To conclude, throughout the body of this essay I have aimed to establish to what extent Rene Descartes was successful at securing certain knowledge. Descartes was quite successful at demonstrating the fact we can possess innate knowledge through the application of reason, he demonstrated quite clearly the senses can be unreliable, demonstrated by: Chomsky’s poverty of stimulus, the brain in a vat, and the phenomena of phantom pain. We also do not have to go out into the world and see via sense perception that simple mathematical calculations (such as two plus three equals five) work. However, having established this, looking in detail, at his foundations for knowledge (the securement of an external world) underpinned by the existence of God, is evidently a weak argument demonstrated by him contradicting himself, as denoted in reference to the Cartesian circle. This is ultimately, the fatal flaw in his ability to demonstrate a new foundation for knowledge. We can also look at another weakness in this argument, as shown by the artisan stamp causal adequacy principle. We know, through the example of Mersenne something doesn’t need to have the same properties as the thing it caused to exist.

Bibliography

  • Chomsky, Noam (1965). On Certain formal properties of grammars. Information and control, 2:137-167
  • Cottingham, John (1985). Philosophical Writings, vol. 2, p. 88.

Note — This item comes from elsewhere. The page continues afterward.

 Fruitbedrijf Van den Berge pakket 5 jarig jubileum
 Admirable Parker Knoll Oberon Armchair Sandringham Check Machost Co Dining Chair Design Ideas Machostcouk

  • Descartes, Rene (1661). Meditations and Other Metaphysical writings, Penguin Classics,Translation: Clarke, Desmond, 1998, pp. 19-61
  • Descartes, Rene (1640). Selected Correspondence of Descartes, Copyright: Bennett, Johnathan (2017). 
  • Locke, John, (1689) An Essay Concerning Human Understanding, Chapter 1
  • Putnam, Hillary (1981) Reason Truth and History, Chapter 1, pp.5-6
  • Tenenbaum, Joshua, Perfors, Amy, Regier (2006) Poverty of the Stimulus? A Rational Approach. Department of Brain and Cognitive Sciences, MIT. University of Chicago.